Some years back, as we took stock of what we were about as a parish we noticed that there were few things in church here that said we were ‘St Mary’s’ other than the sign outside the door. Off the back of that observation, Sarah, our last curate, (who, by the way was in church yesterday – passing through on her way to visit family in Darlington and Middlesbrough) led a study group that focussed on Mary and where she appears in the scriptures. We enjoyed looking at pictures of her and got excited about icons of her: images that reminded us of her special place in the devotions of our Christian ancestors. We saw how she lived within the story of the providence of God, working out his purposes to bring salvation to His people. She was blessed by Him and called by Him. She is an example to us as we seek to live out our vocation. She was frightened but willing to obey – we know what that is like. She treasures God’s promises in her heart: so can we. She knows she will carry shame for being pregnant out of wedlock: so much of Christian discipleship doesn’t make sense to the ‘world’ and we are all called to take up our cross and follow. She hears Simeon’s words that predict her pain yet stays faithful. She lets her Son go as he redefines the extent of the ‘family of God’: and we are reminded that God’s inclusive family includes many we might find difficult. She loves Him to the end for she is there at the foot of the cross. She cradles His body and helps lay it in the tomb. She hears the resurrection message and prays for God’s Spirit at Pentecost. In all these things she is a model to us as she shares Hid death and resurrection and seeks the infilling of His Spirit. Should we not honour her?

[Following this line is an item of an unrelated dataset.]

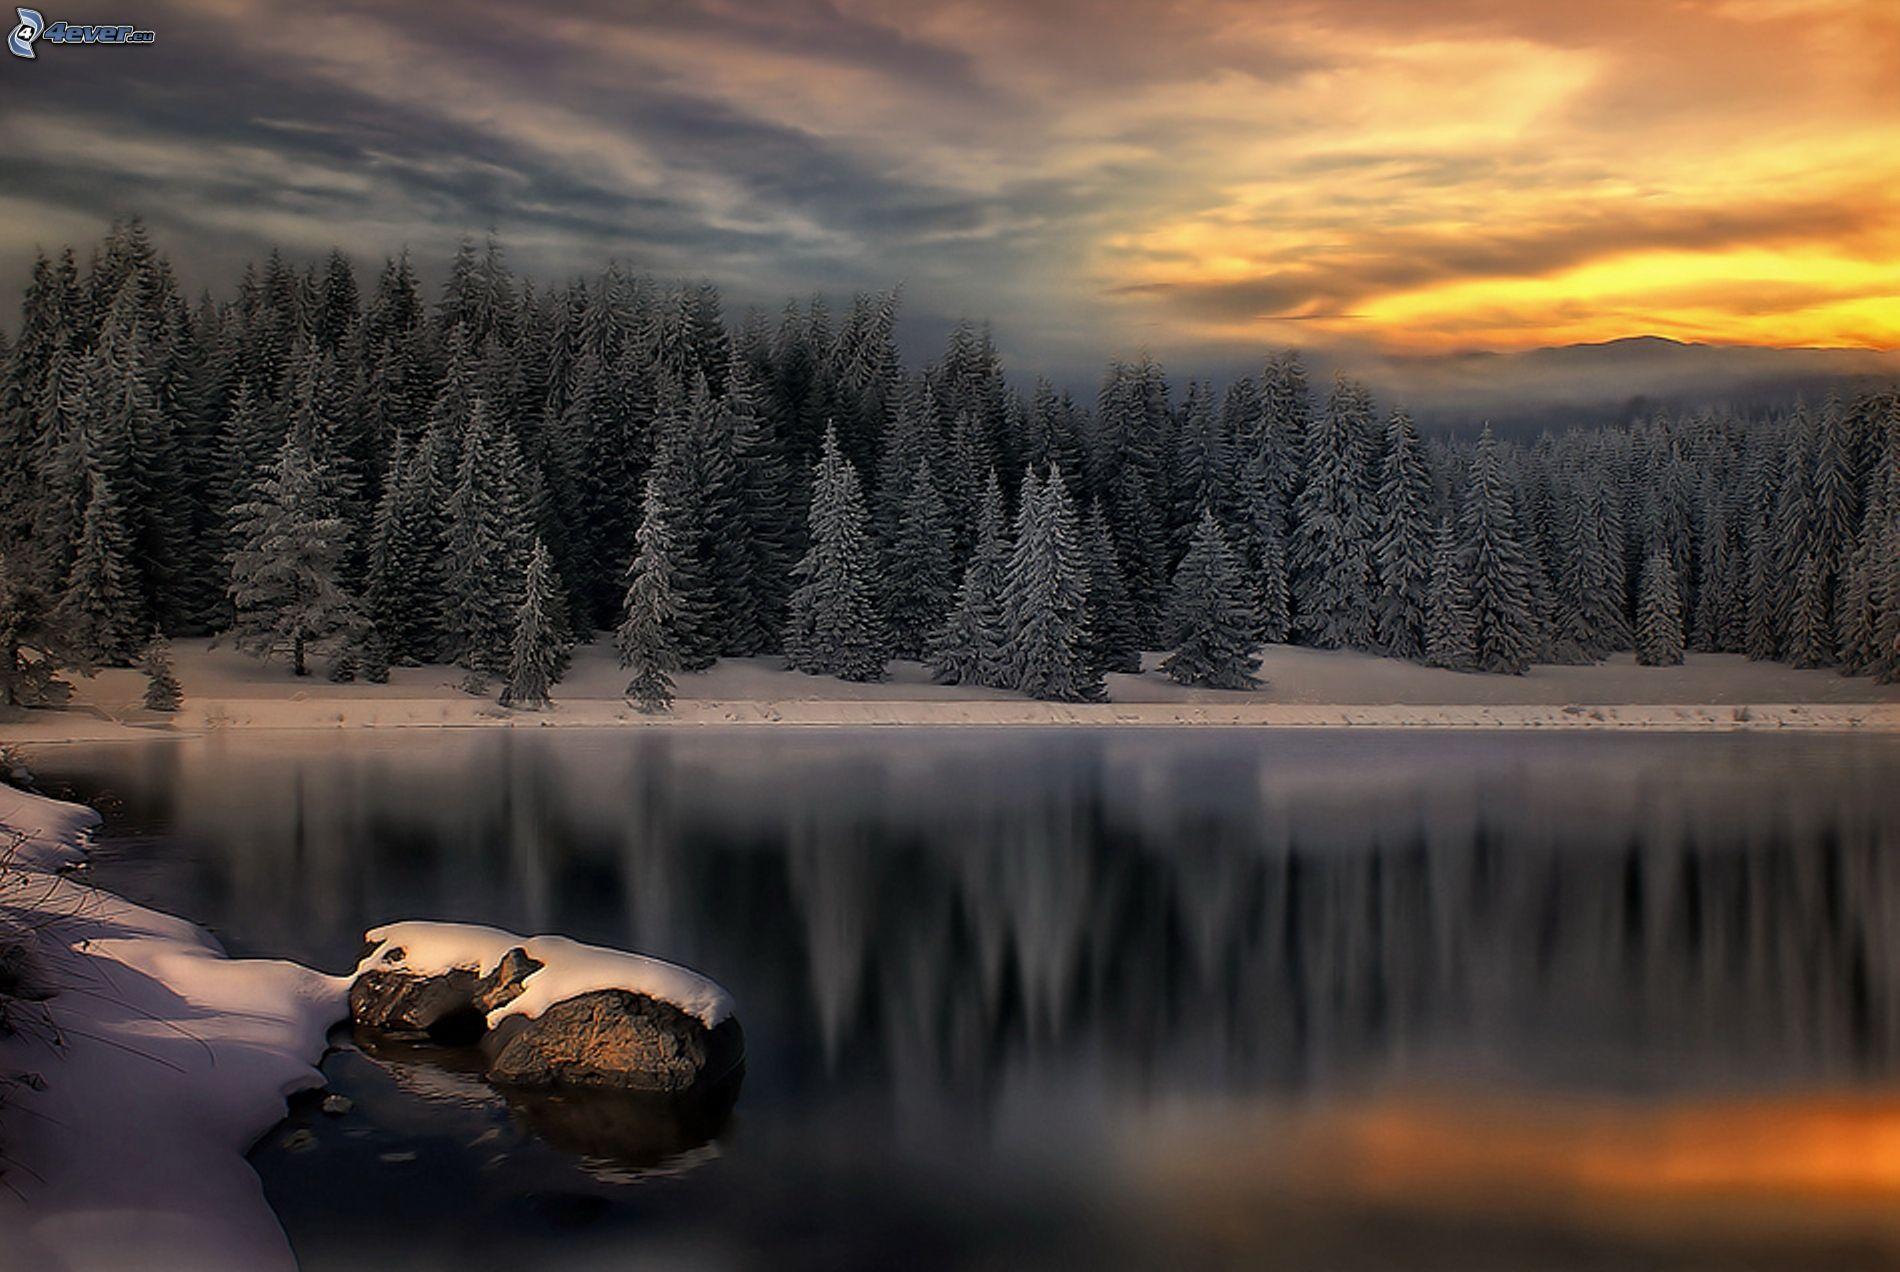 Zalazak sunca  - Page 6 Pokojne-zimne-jazero,-les,-zapad-slnka-151755

And isn’t it fitting that this church’s dedication should be central to the new porch windows? : that we now have Christ’s story portrayed in glass from his childhood through his death and on to His glorification? There she is. The ‘God – bearer’: a title given her very early on in Christian tradition, presenting the Christ to us. She, offering Him. He, reaching out to embrace us. The Holy Mother within whose womb heaven and earth met.

I stumbled upon this poem yesterday, sent to me by a friend. It’s about the predictably unexpected birth of Christ and how this birthing didn’t just happen back then but continues around us now. I’ll leave it as a final thought: a suggestion that somewhere, near you, this Christmas, the Christ will be born. It’s by Ann Weems and is called Kneeling in Bethlehem

It’s not over, this birthing,
There are always newer skies
Into which God can throw stars.
When we begin to think
That we can predict the Advent of God,
That we can box the Christ
In a stable in Bethlehem,
That’s just the time that God will be born
In a place that we can’t imagine and won’t believe.